I gave up completely with hostels for a few years and just sofa-surfed because it seemed there was no hope of getting housed. When you live in a hostel, people look down on you and assume you must have some vices. Most people in hostels were very critical of the system. It wasn’t all bad though, I made some lasting friendships.
Then a guy at the council got me into the Council’s Rent Deposit Scheme – private rented flats that the council help you get. It was the first time I’ve been proud of my home and I felt settled – you could never be proud of your place in a hostel. The Rent Deposit Scheme support was very light touch, but you could call them if there was an issue.
The only problem I’ve had since living in my own flat was when there was a lot of anti-social behaviour in the block.
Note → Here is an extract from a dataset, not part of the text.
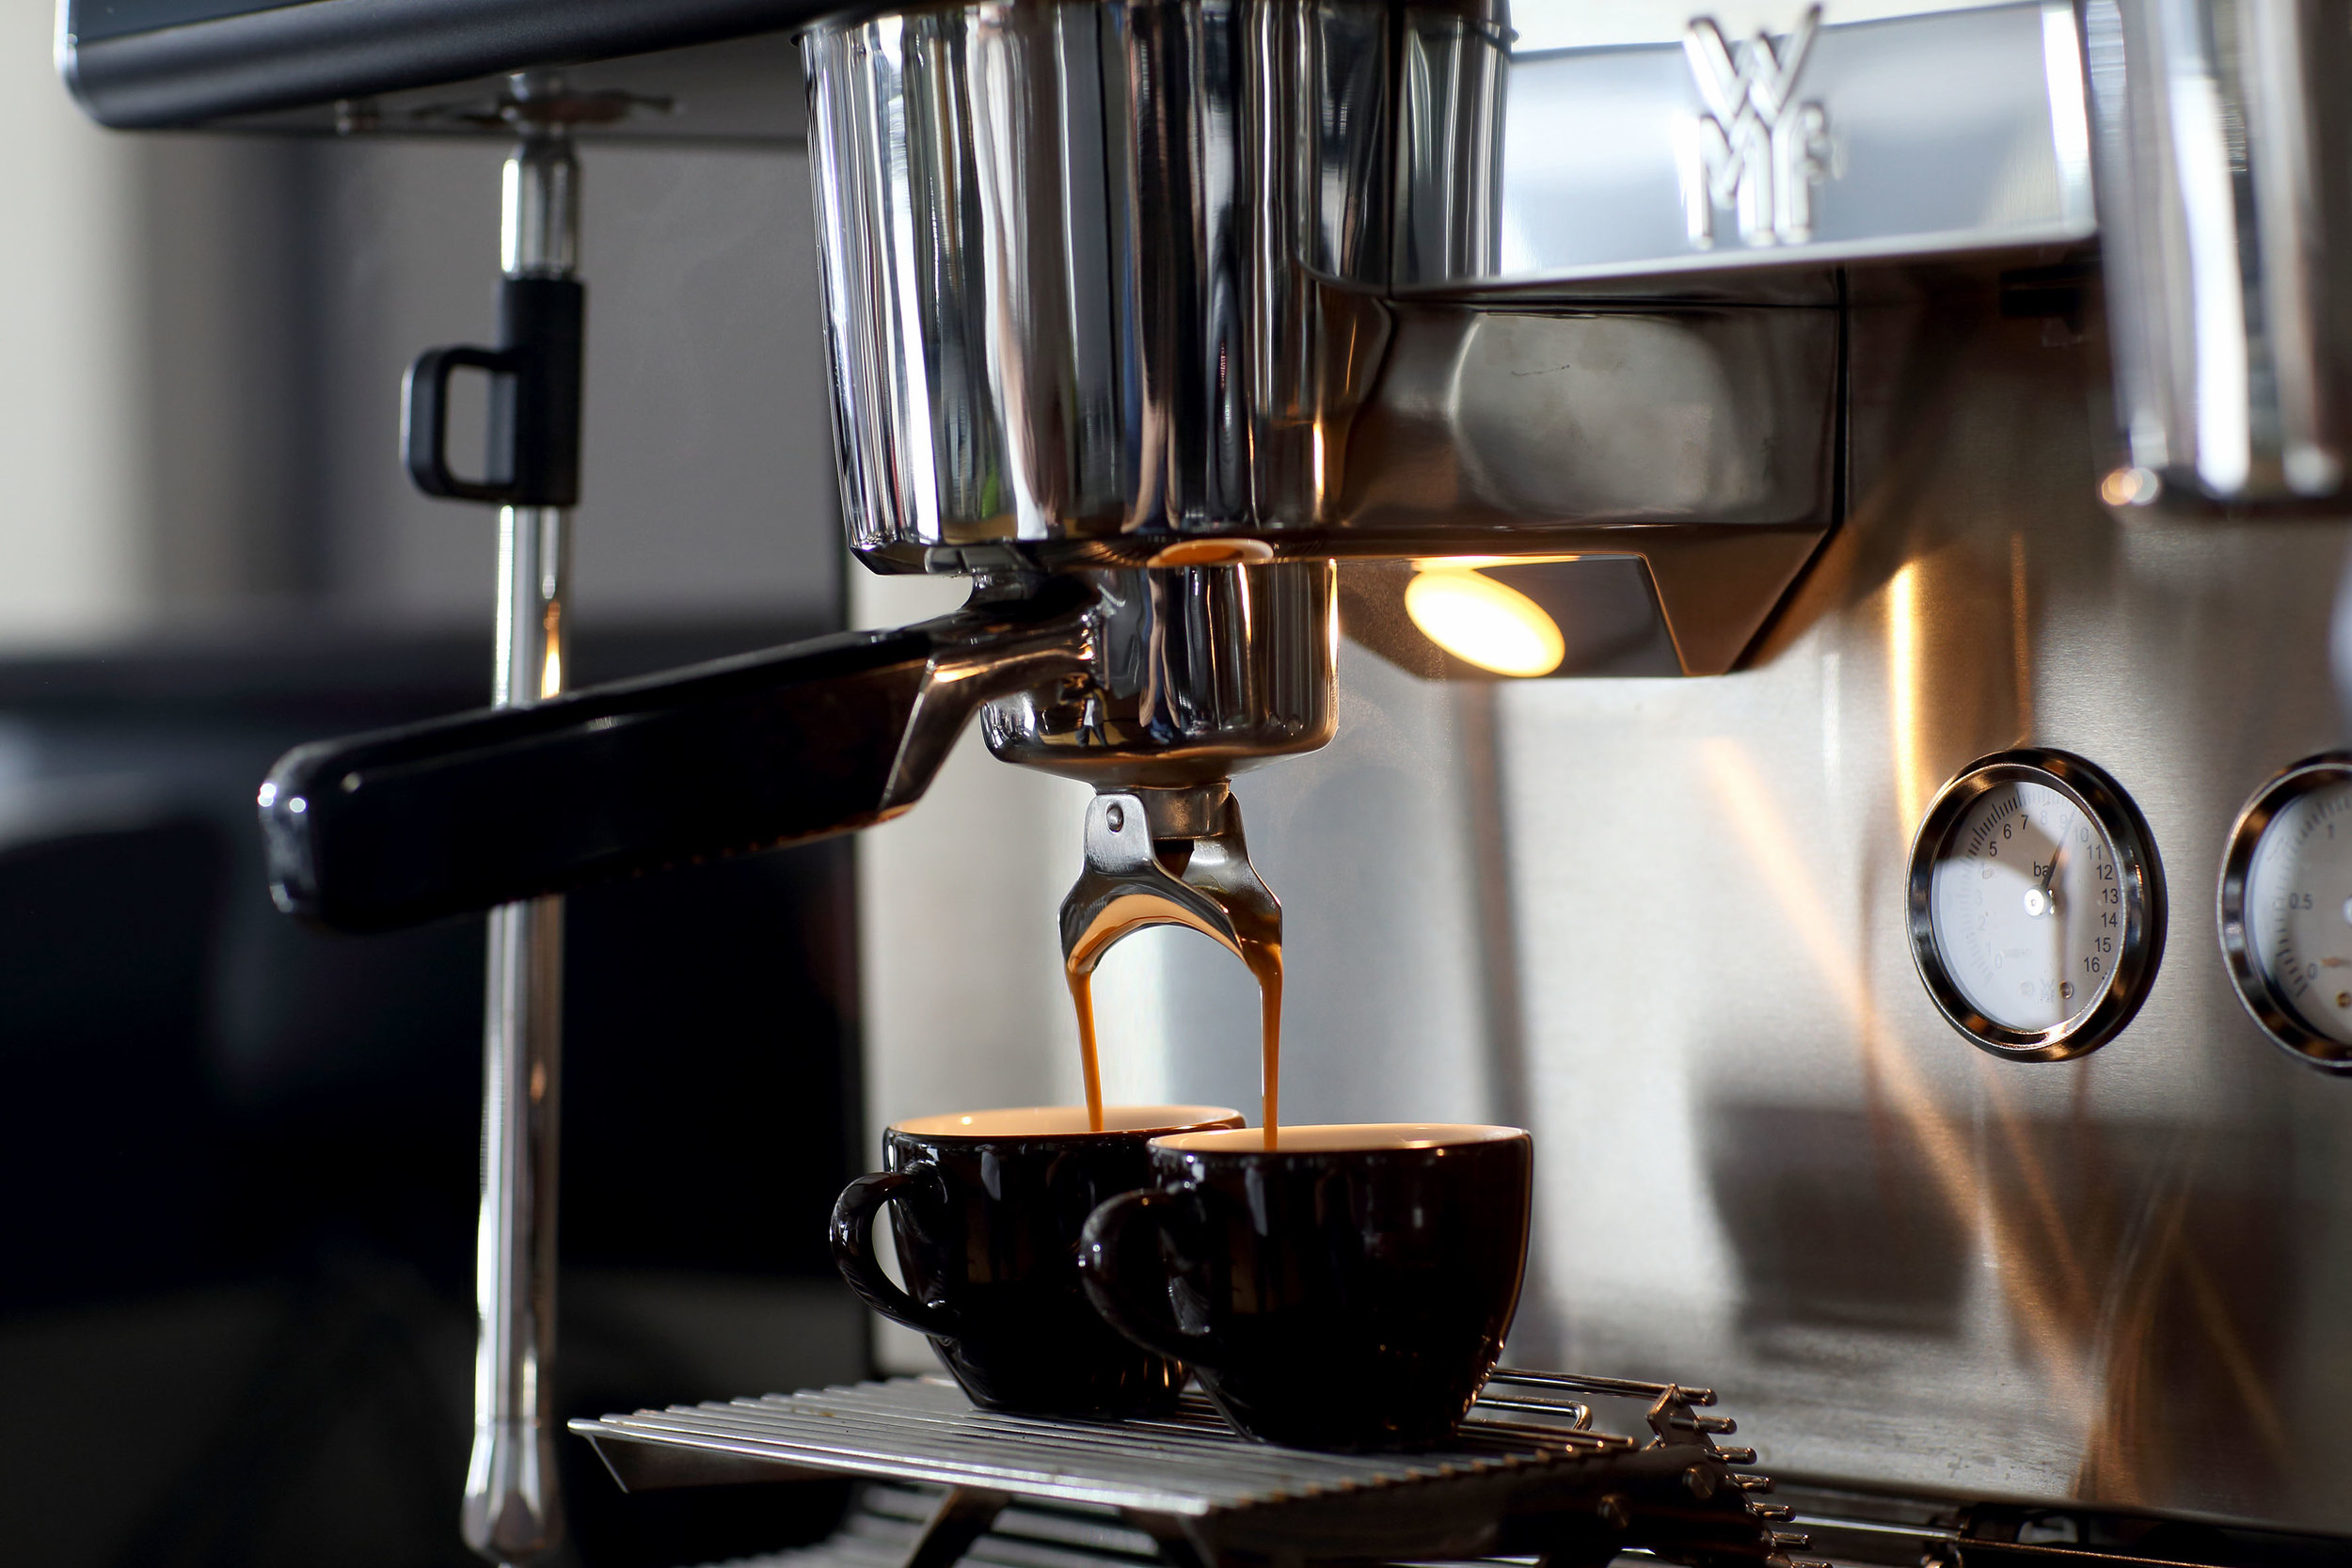 2015_WMF_espresso_Presse_02.jpg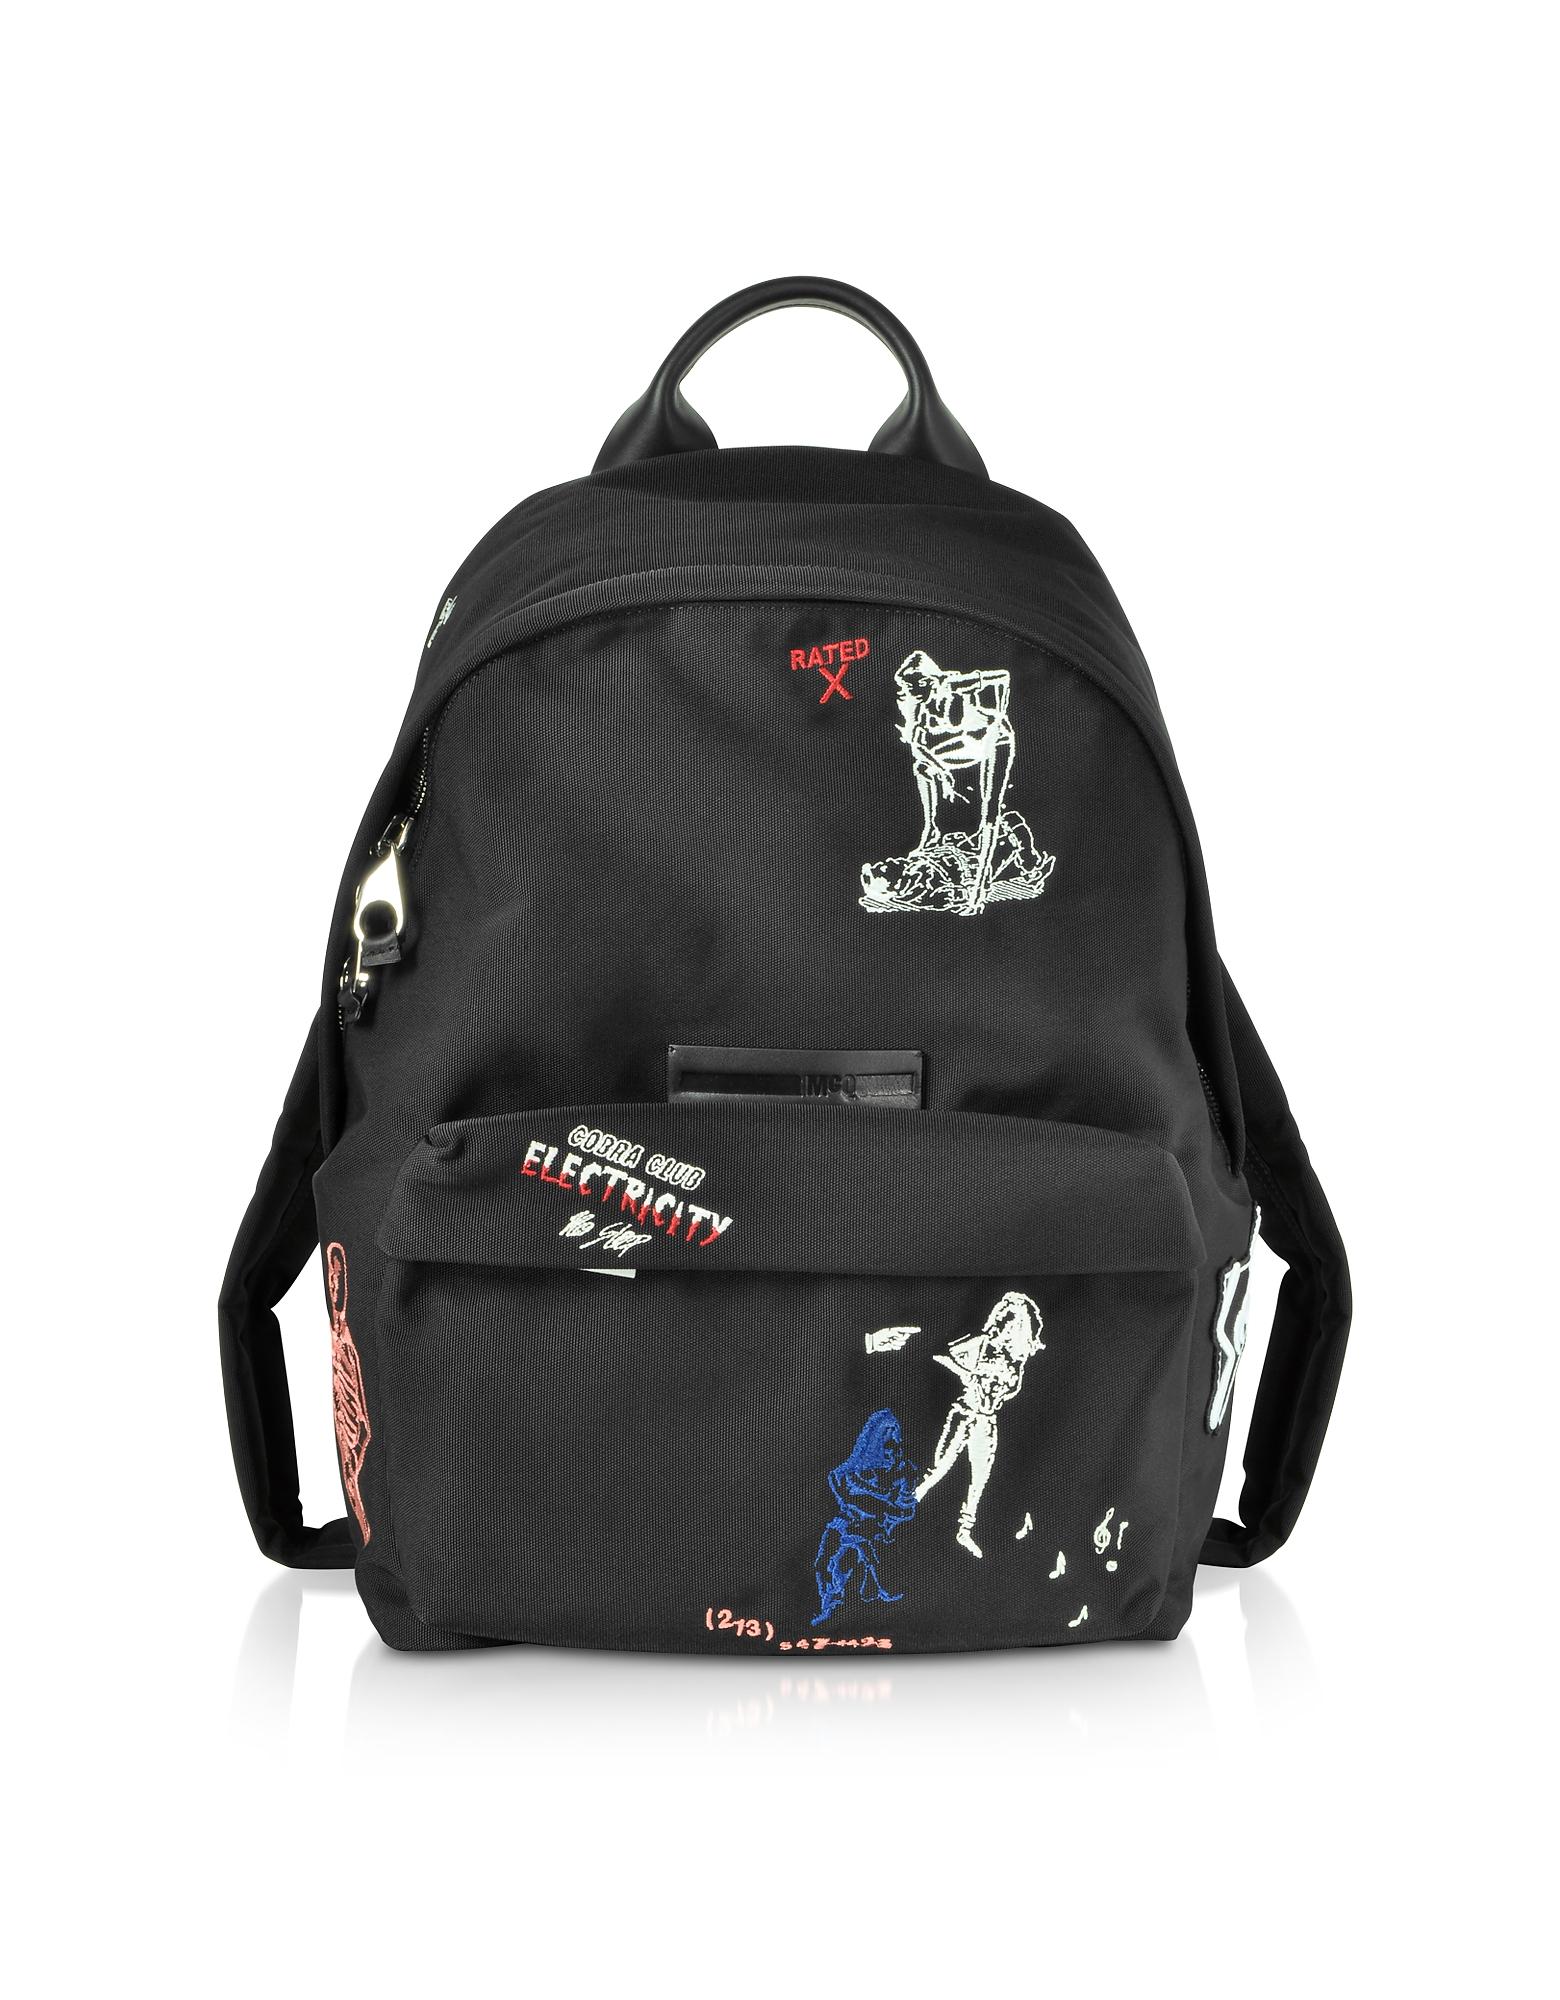 Black Embroidered Nylon Backpack

Landlords seem powerless to do anything about it. One landlord just didn’t know how to manage the building. Another landlord seemed scared to do anything.
Initially, when we told the council about the anti-social behaviour we were dismissed, I think because of how we were perceived – it was just put down to my partner’s paranoia – which was gutting. Or they just told us to tell the police, but that can do more harm than good. But then we heard after months of it there had been several closure orders in the block, so we weren’t making it up, and someone at the council must have known at the time we were telling the truth because it takes time to make a case for a closure order.
The council moved us again and we’ve had no issues at all at our new place and our housing officer at the council has been amazing.
Looking back, the best experience I had of a hostel was the YMCA – but I wasn’t staying there, I just got involved with some of their activities – trips and weekly football sessions. It’s different when you don’t have to follow petty rules and staff can’t bar you when you get too many warnings. And there were a few staff elsewhere who were really good, I remember a guy called Surinder at the Bridge hostel, he wouldn’t let you get away with anything, but was totally non-judgemental, but others weren’t approachable at all, and if you got stuck with one of them for your keywork sessions there was nothing you could do.
Hostels with a religious aspect could also be a real problem – you get treated better if you’re going to church. One time a manager told me I was only at the hostel because I was doing well at church. That was weird. I left and made myself homeless again.
The best hostels I stayed in were ones where it was basically a small, shared house and the staff check in on you once a week. It’s like the more contact you have with staff, the worse it is. It would all work better if you had more freedom and choice.
For me, if there have to be hostels crammed full of people at all, they need to be run by people who have personally experienced homelessness, otherwise they just don’t know how to deal with you and can end up doing more harm than good.
But as I say, the hostel sector told me I couldn’t manage my own home, and yet here I am, more than 10 years later.